▶ [YOUR TASK] Output only the lines from the line holding "Epson 273XL High" through the close of the records, exactly as they appear, with all pictures omitted.

▶ [MATERIAL TO PROCESS]

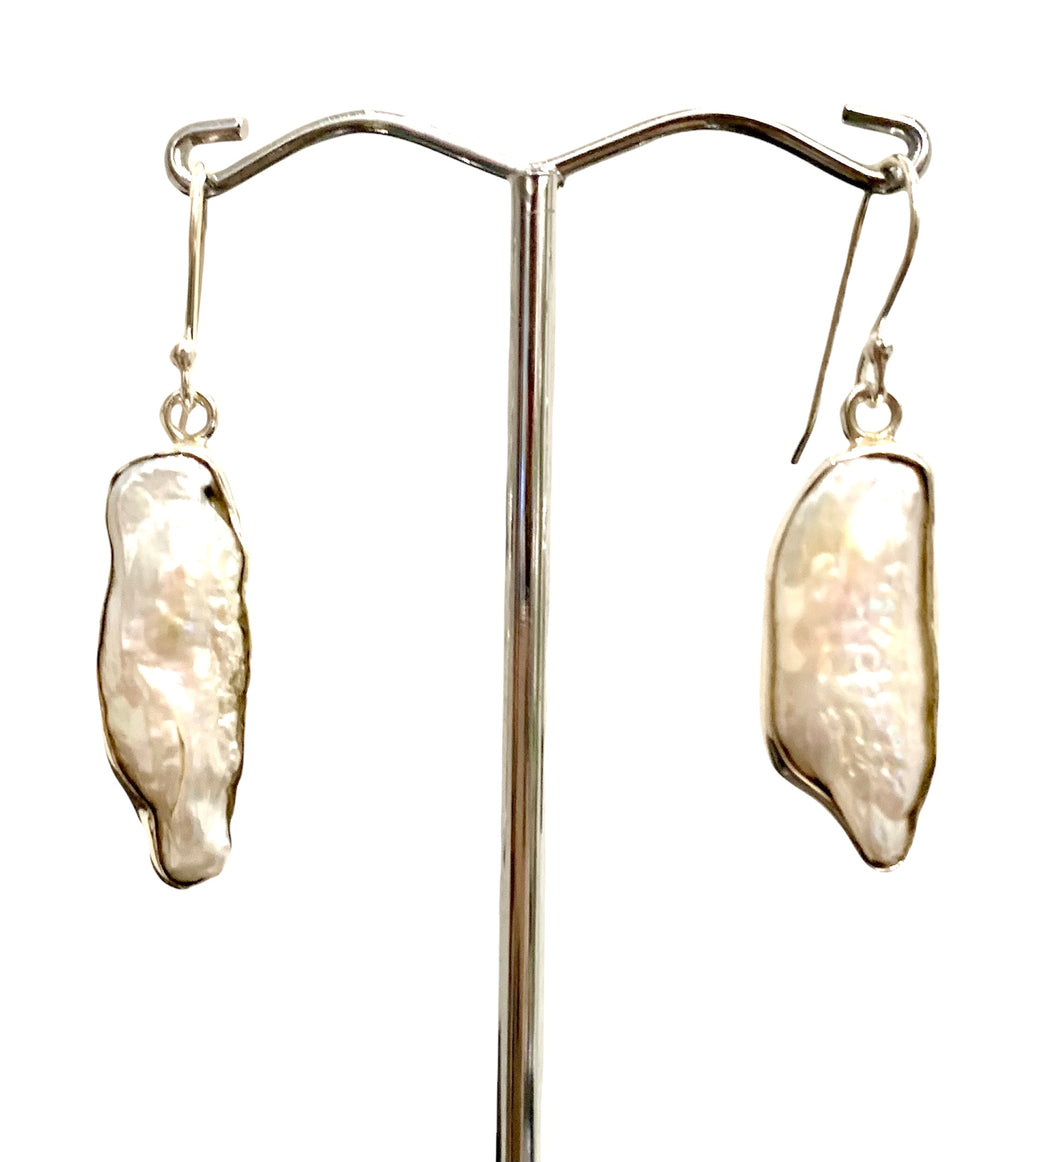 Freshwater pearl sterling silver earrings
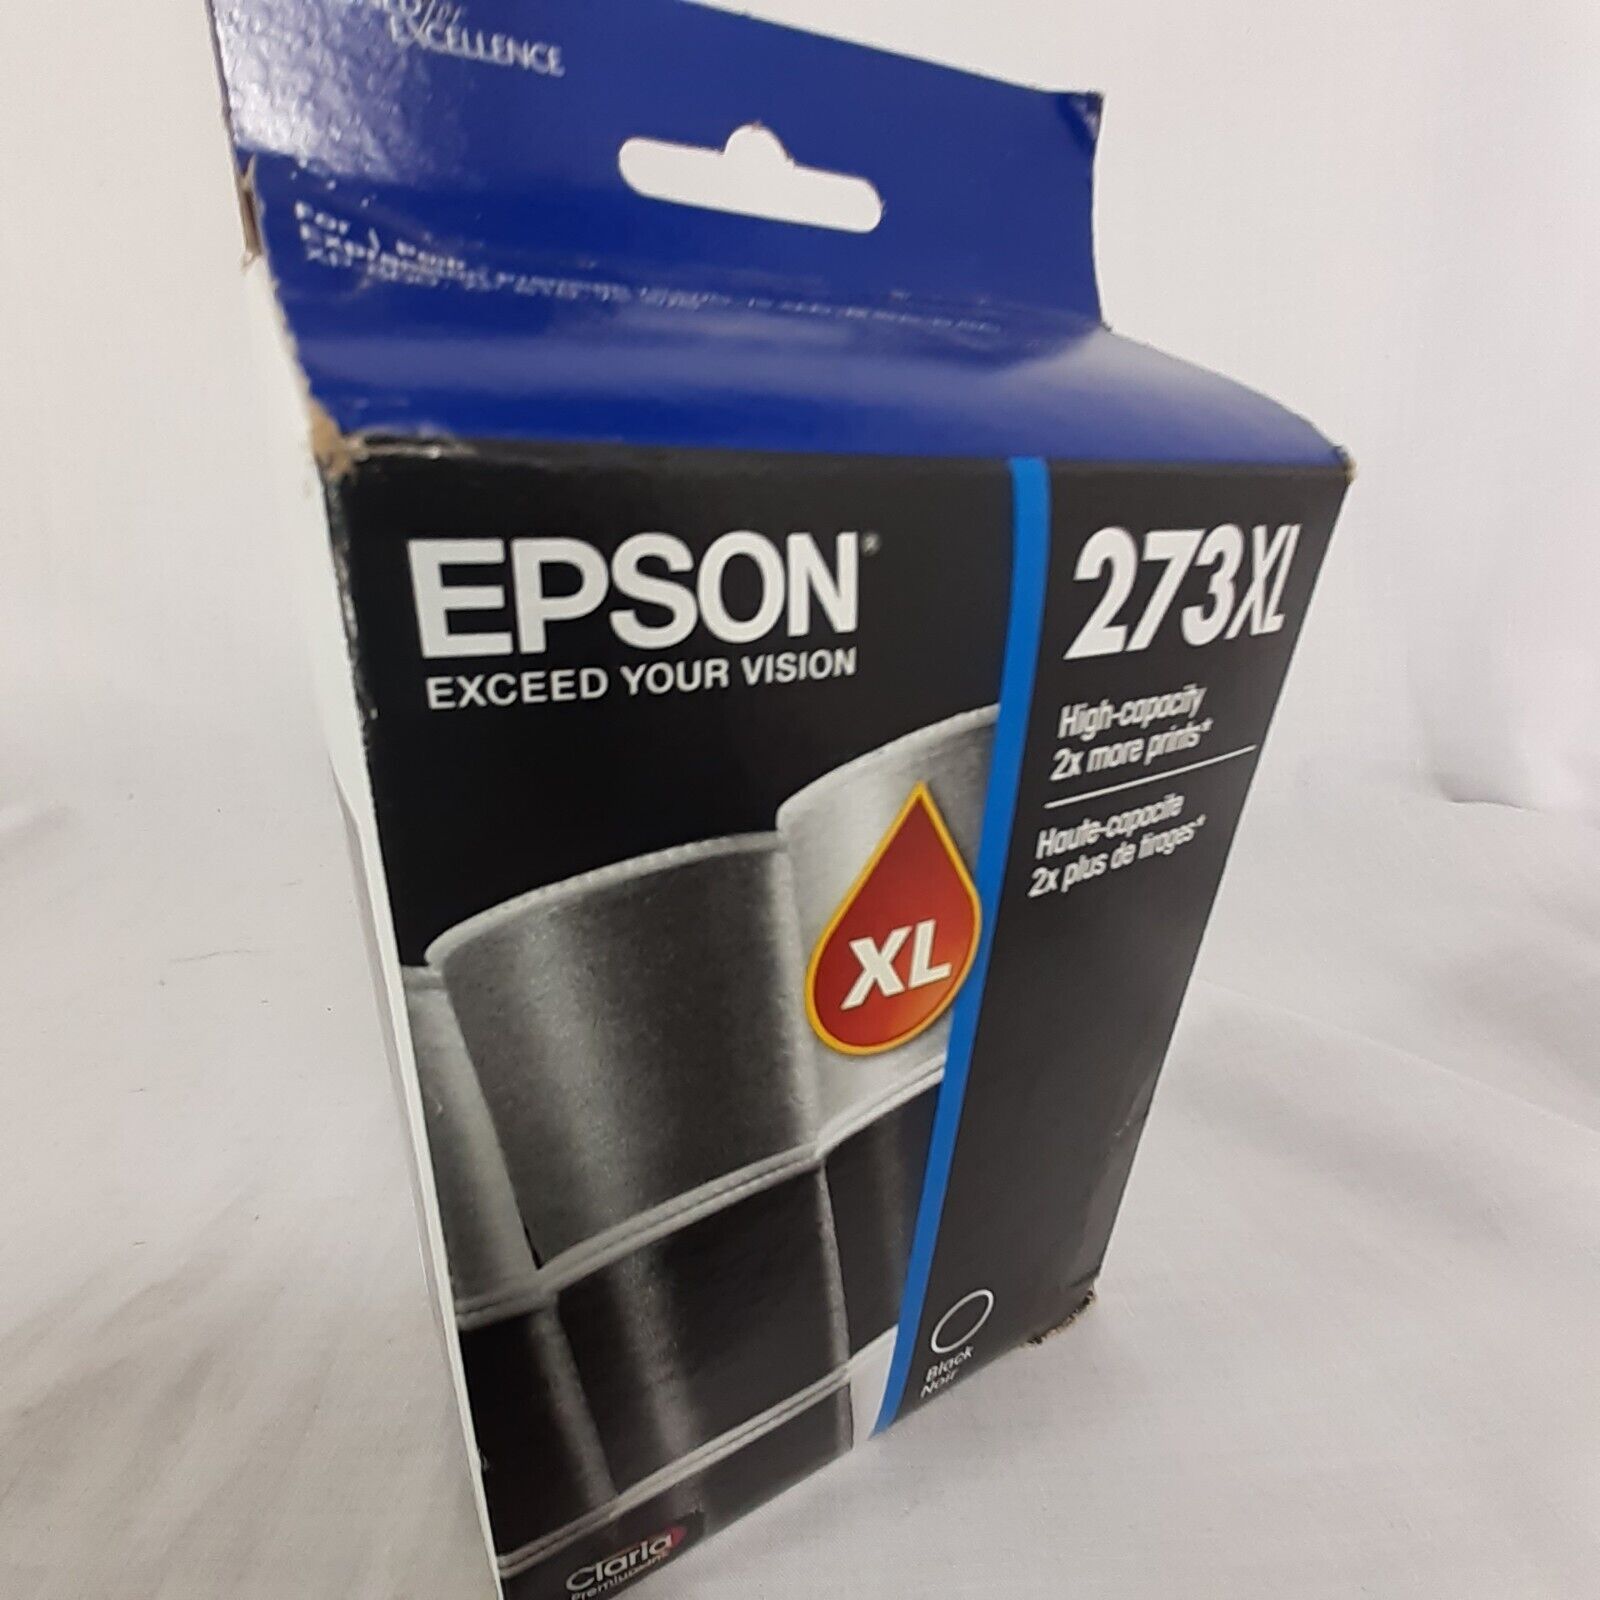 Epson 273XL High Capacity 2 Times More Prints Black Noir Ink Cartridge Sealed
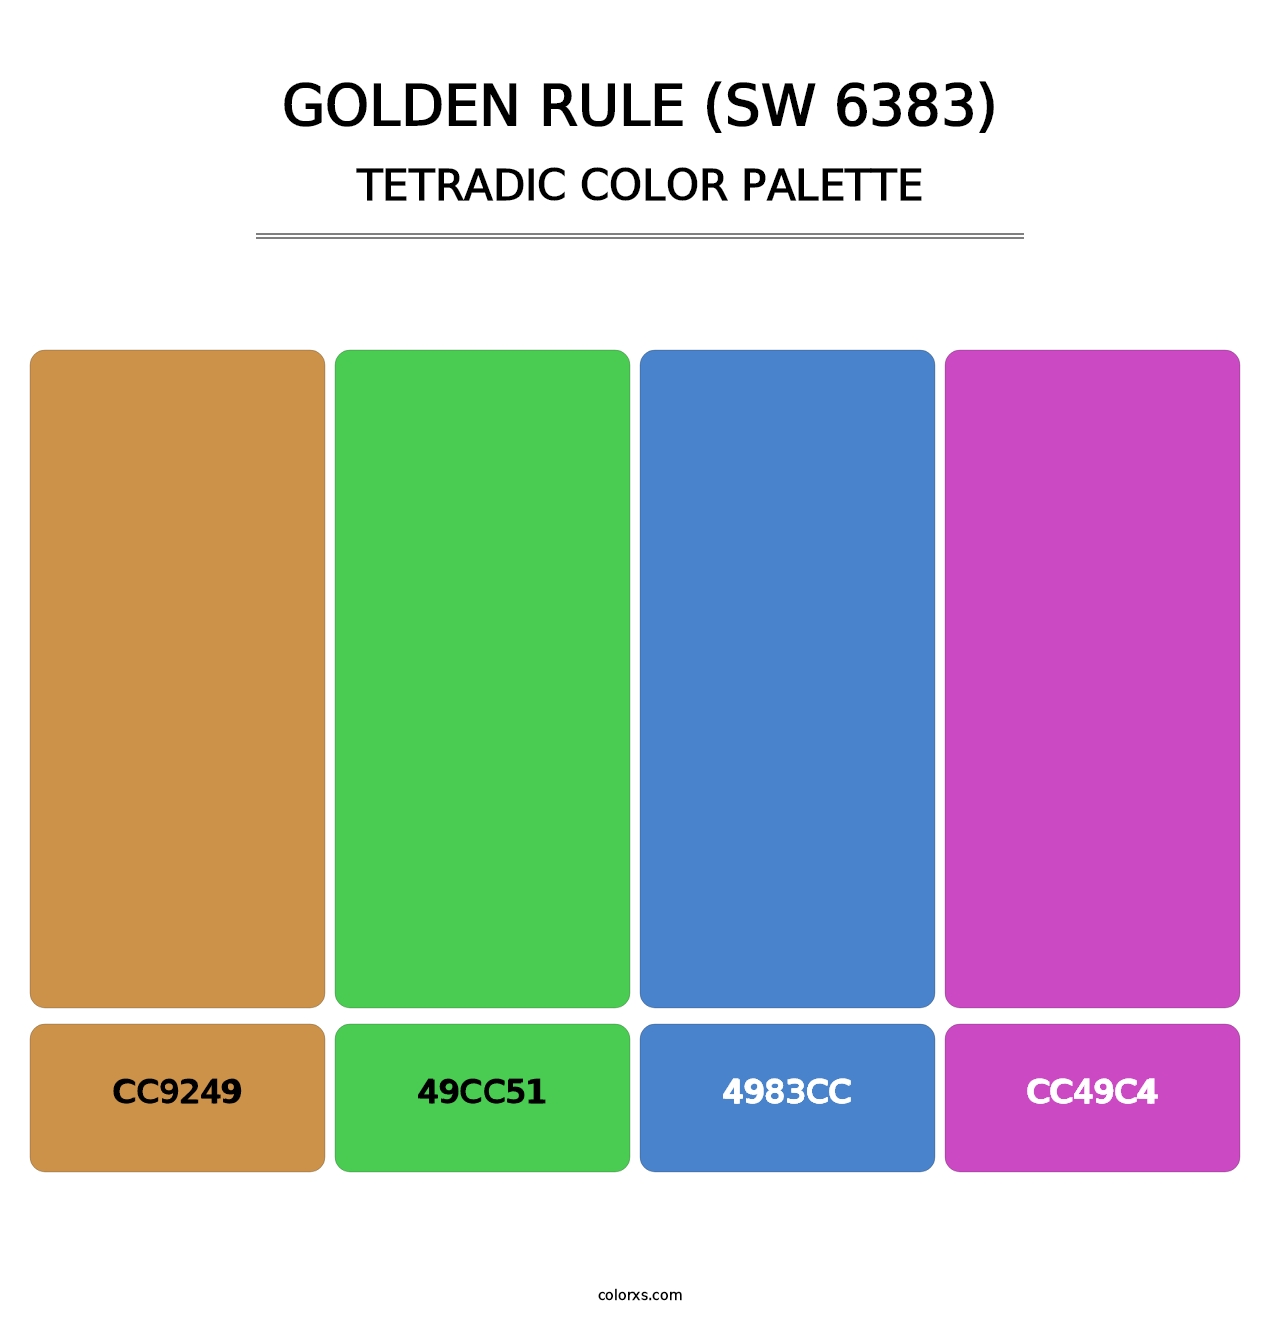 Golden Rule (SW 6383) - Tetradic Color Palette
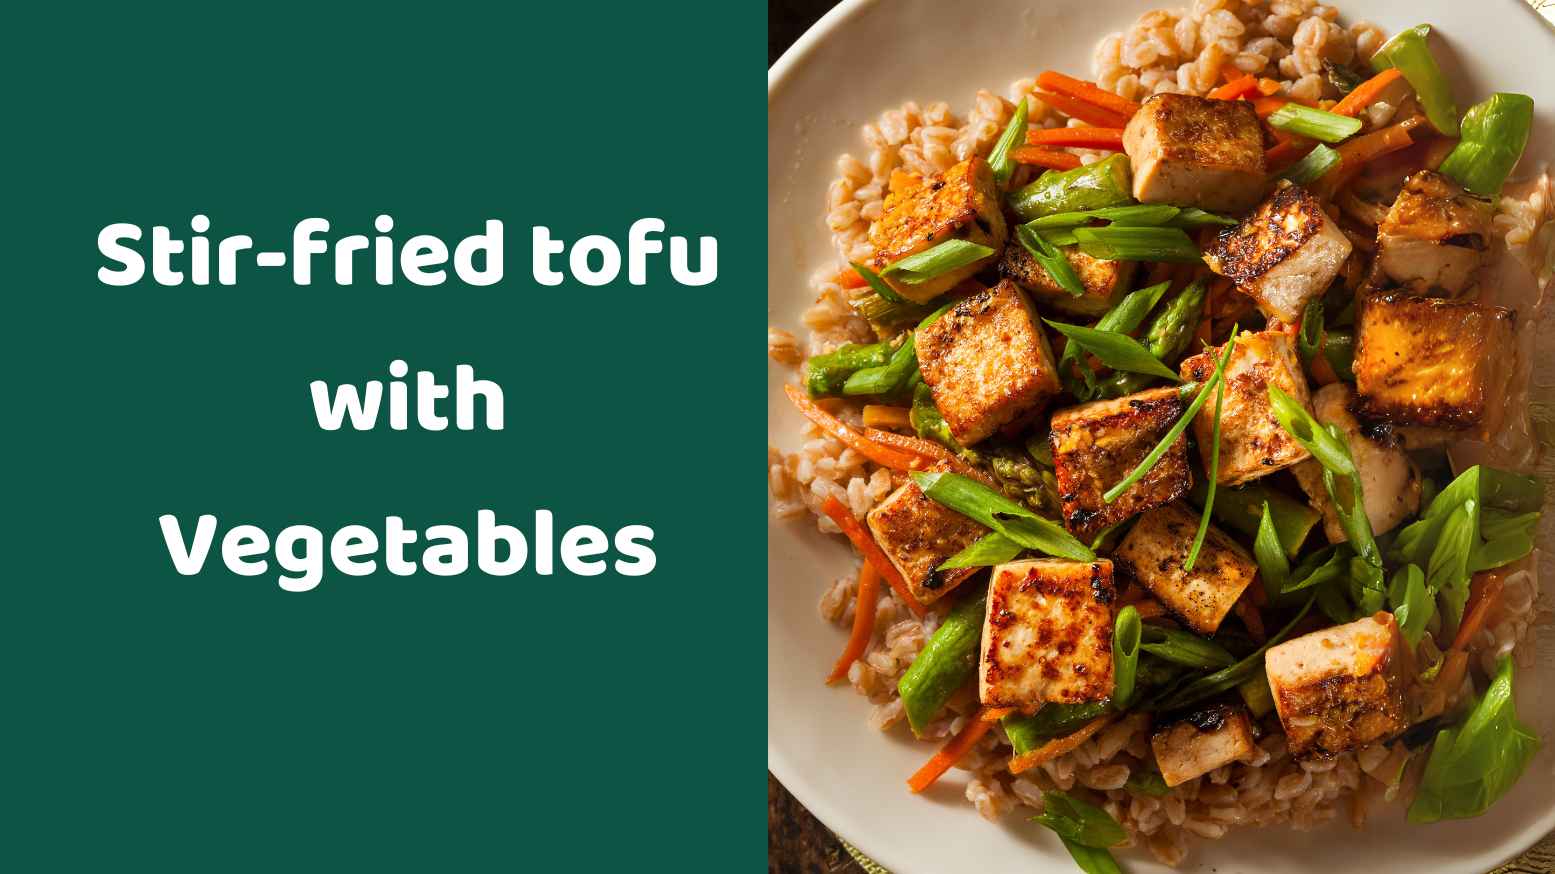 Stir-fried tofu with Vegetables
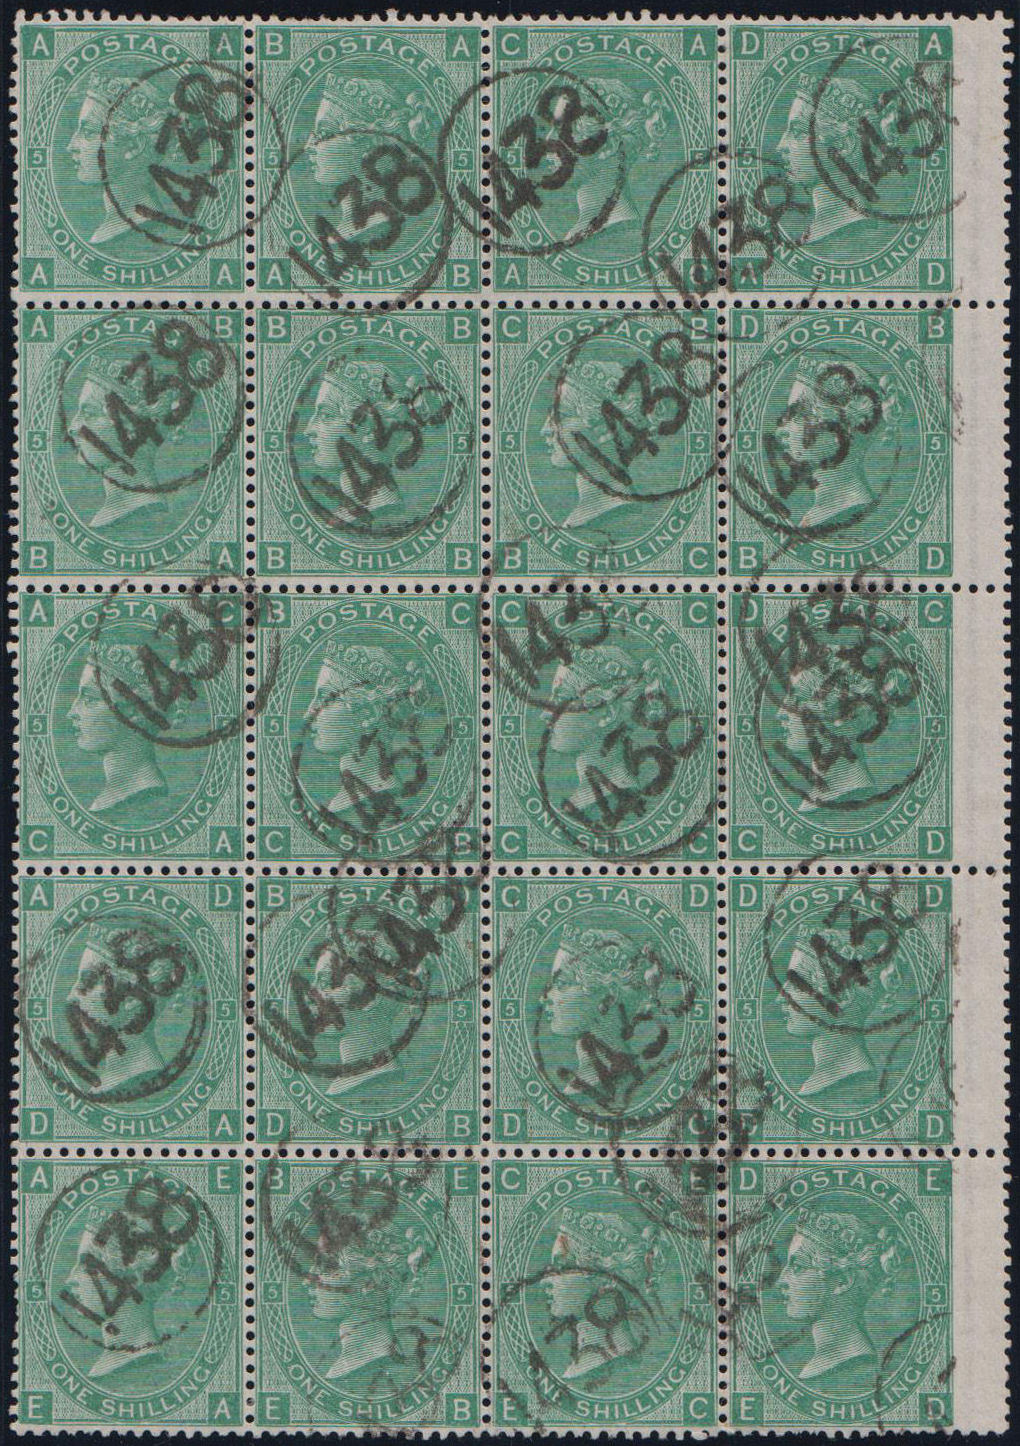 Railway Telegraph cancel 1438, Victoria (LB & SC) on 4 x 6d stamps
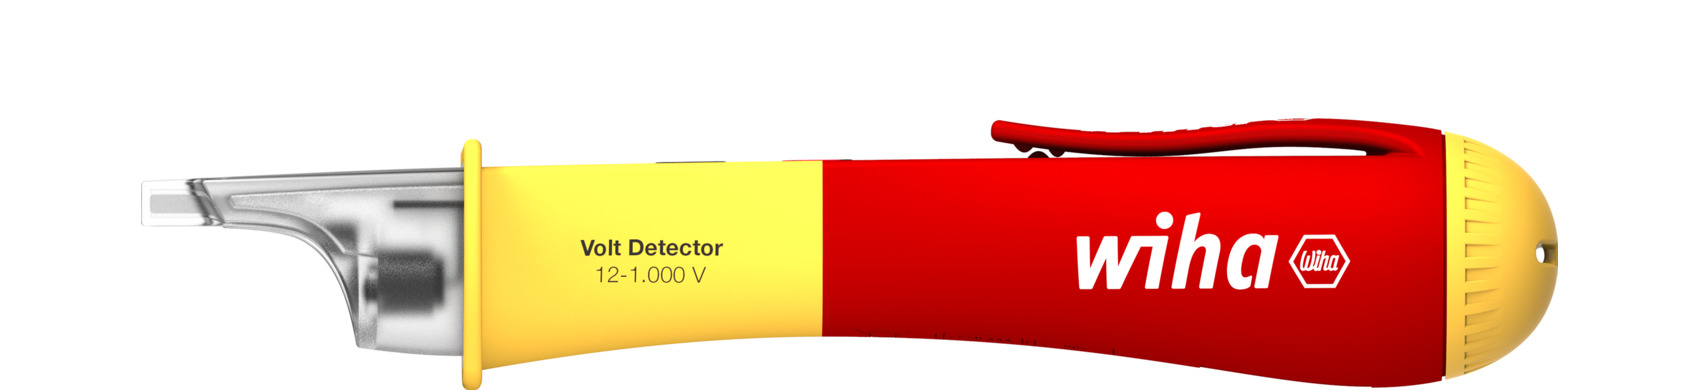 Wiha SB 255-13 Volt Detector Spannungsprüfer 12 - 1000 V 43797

▶ [RESPONSE BOX]
 Epson 273XL High Capacity 2 Times More Prints Black Noir Ink Cartridge Sealed
 Golden Rule (SW 6383) - Tetradic Color Palette
 Stir-fried tofu with Vegetables
 Railway Telegraph cancel 1438, Victoria (LB & SC) on 4 x 6d stamps
 Wiha SB 255-13 Volt Detector Spannungsprüfer 12 - 1000 V 43797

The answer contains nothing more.